• **Data for this task**:
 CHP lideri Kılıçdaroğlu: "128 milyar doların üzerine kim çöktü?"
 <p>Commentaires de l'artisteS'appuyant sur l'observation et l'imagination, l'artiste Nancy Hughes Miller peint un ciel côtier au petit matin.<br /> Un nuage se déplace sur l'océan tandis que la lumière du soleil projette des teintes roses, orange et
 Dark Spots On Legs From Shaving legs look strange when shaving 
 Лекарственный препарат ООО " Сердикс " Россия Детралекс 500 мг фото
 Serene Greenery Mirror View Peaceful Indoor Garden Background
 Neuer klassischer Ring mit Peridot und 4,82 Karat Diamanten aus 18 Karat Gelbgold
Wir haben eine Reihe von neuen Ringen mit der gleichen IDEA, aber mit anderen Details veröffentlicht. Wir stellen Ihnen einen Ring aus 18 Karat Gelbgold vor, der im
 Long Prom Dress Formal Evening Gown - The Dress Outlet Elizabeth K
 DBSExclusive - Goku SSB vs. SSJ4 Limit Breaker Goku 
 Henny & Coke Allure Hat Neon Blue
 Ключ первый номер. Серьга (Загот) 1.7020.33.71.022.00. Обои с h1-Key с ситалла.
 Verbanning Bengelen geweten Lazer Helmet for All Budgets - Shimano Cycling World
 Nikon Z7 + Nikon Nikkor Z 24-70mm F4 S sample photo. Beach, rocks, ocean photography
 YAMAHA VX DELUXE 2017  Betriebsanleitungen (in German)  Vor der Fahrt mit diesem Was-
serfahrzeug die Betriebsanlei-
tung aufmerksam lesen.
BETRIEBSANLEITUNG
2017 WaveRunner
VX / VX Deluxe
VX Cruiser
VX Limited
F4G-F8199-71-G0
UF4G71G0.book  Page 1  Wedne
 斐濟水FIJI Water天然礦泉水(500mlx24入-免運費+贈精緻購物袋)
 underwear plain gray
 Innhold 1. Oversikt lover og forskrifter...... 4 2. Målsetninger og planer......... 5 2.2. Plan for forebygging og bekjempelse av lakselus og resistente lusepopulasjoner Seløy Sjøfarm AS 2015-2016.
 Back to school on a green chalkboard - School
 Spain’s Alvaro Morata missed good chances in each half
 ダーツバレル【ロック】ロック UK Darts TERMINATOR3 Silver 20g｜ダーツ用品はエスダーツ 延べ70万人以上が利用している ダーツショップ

• **Exercise**: Starting with the line that contains "YAMAHA VX DELUXE", copy each line through the end of the data exactly, and leave out all earlier lines.

• **Task output**:
 YAMAHA VX DELUXE 2017  Betriebsanleitungen (in German)  Vor der Fahrt mit diesem Was-
serfahrzeug die Betriebsanlei-
tung aufmerksam lesen.
BETRIEBSANLEITUNG
2017 WaveRunner
VX / VX Deluxe
VX Cruiser
VX Limited
F4G-F8199-71-G0
UF4G71G0.book  Page 1  Wedne
 斐濟水FIJI Water天然礦泉水(500mlx24入-免運費+贈精緻購物袋)
 underwear plain gray
 Innhold 1. Oversikt lover og forskrifter...... 4 2. Målsetninger og planer......... 5 2.2. Plan for forebygging og bekjempelse av lakselus og resistente lusepopulasjoner Seløy Sjøfarm AS 2015-2016.
 Back to school on a green chalkboard - School
 Spain’s Alvaro Morata missed good chances in each half
 ダーツバレル【ロック】ロック UK Darts TERMINATOR3 Silver 20g｜ダーツ用品はエスダーツ 延べ70万人以上が利用している ダーツショップ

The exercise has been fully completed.